Excerpted records.
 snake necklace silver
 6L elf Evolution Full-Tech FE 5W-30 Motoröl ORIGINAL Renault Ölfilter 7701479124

...

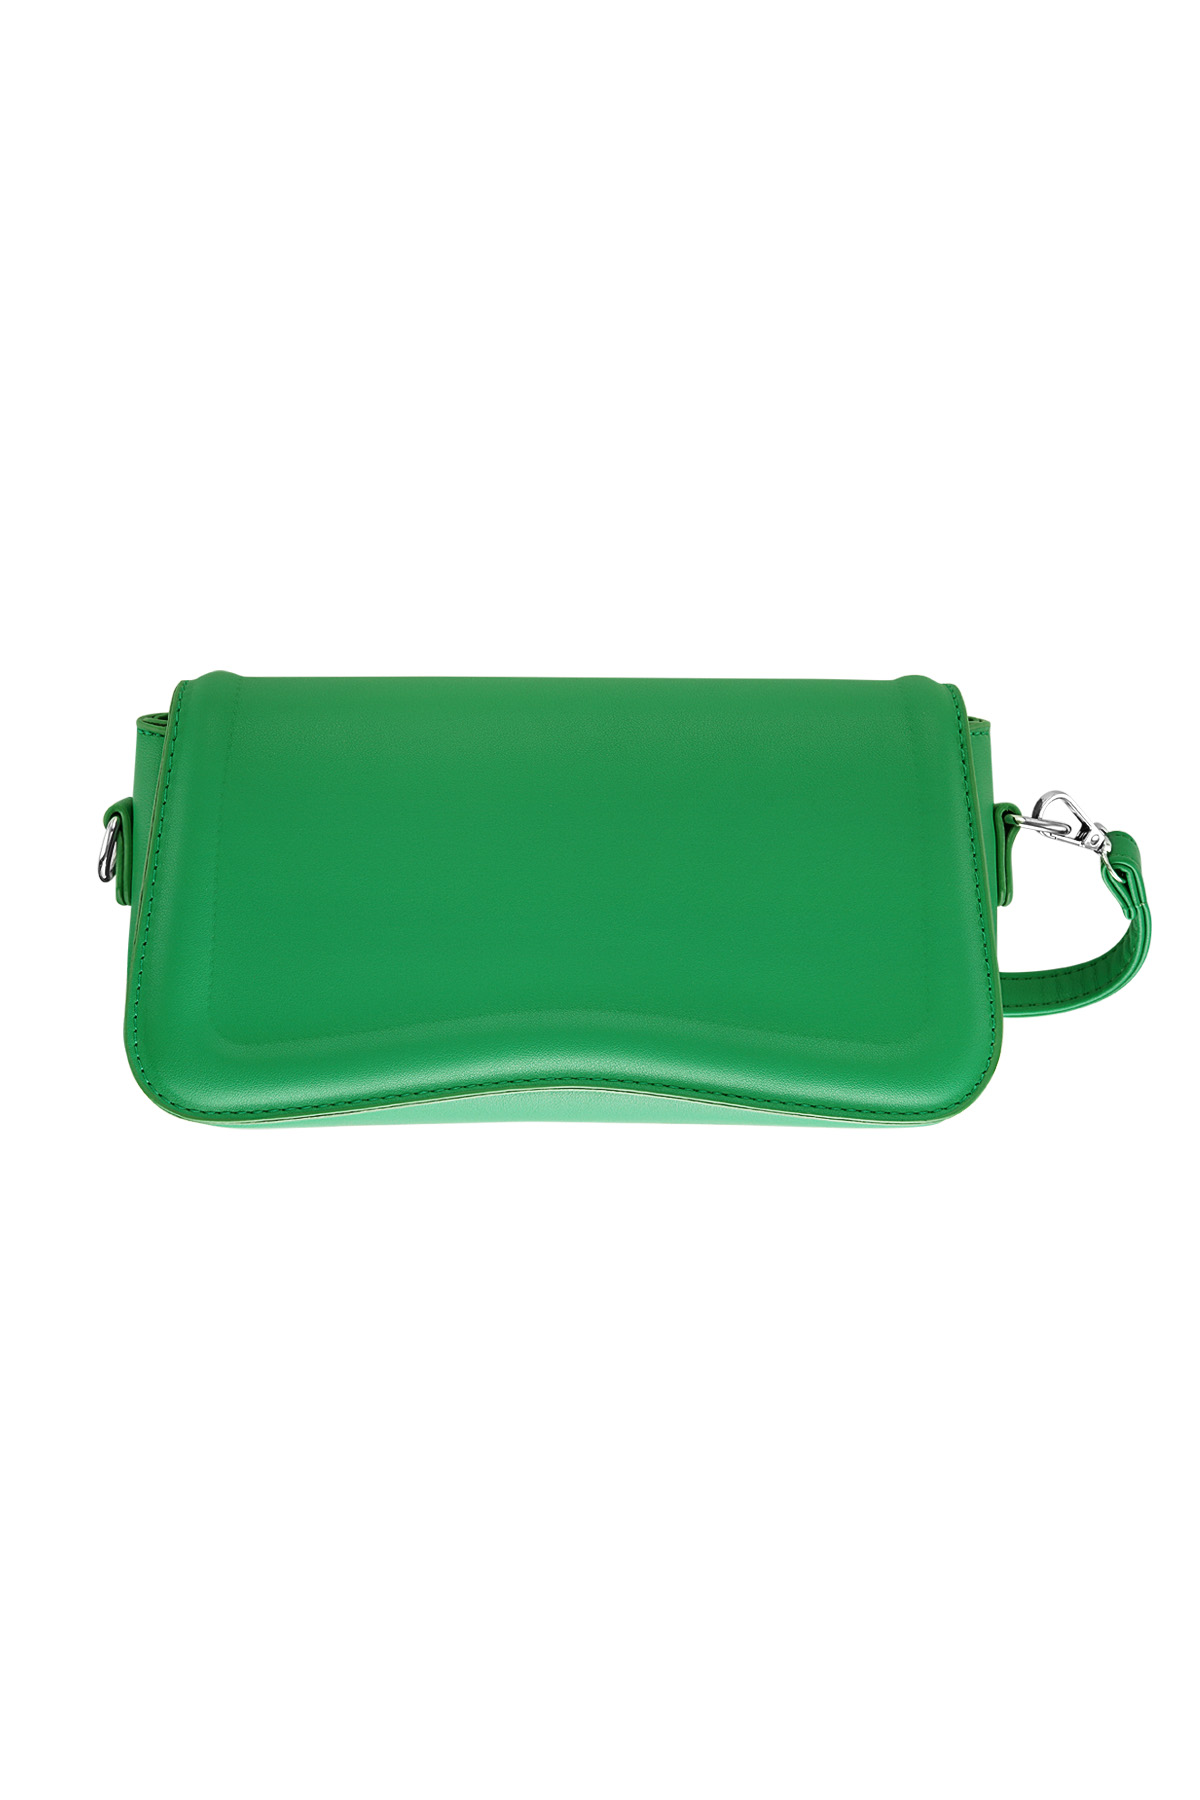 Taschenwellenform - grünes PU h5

==

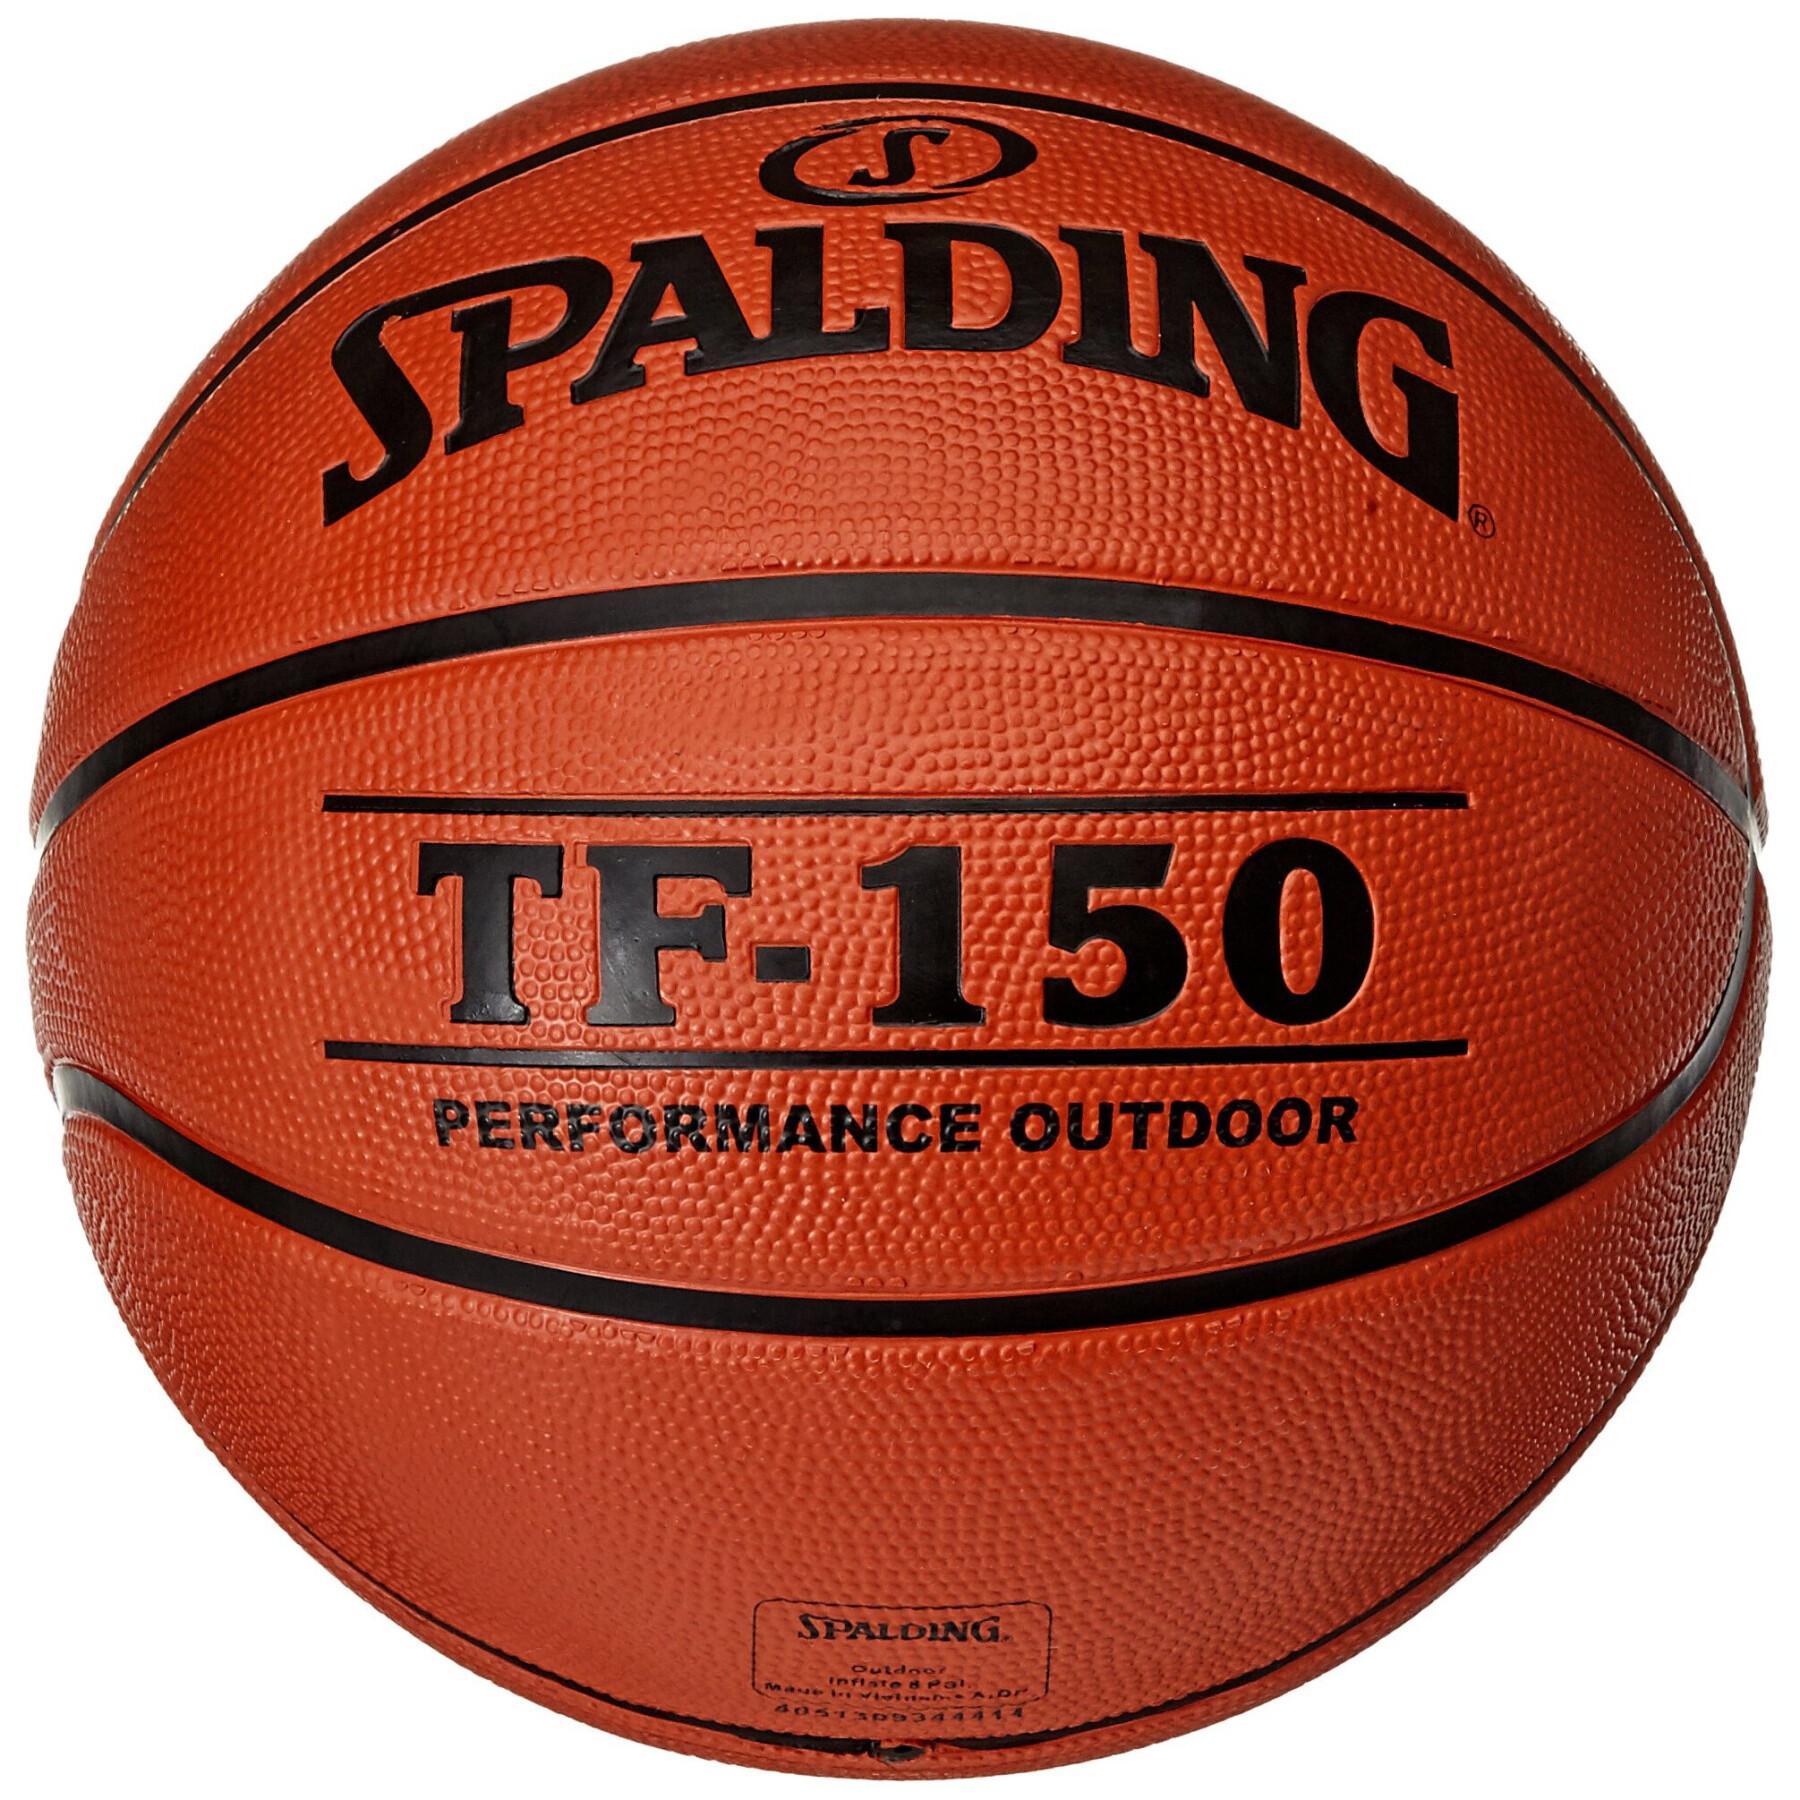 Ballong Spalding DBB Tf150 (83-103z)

What the exercise asks. Using the listing above, return word for word each line from the one that has "snake necklace silver" through the one that has "6L elf Evolution", and no line outside that range.

Output for this task.
 snake necklace silver
 6L elf Evolution Full-Tech FE 5W-30 Motoröl ORIGINAL Renault Ölfilter 7701479124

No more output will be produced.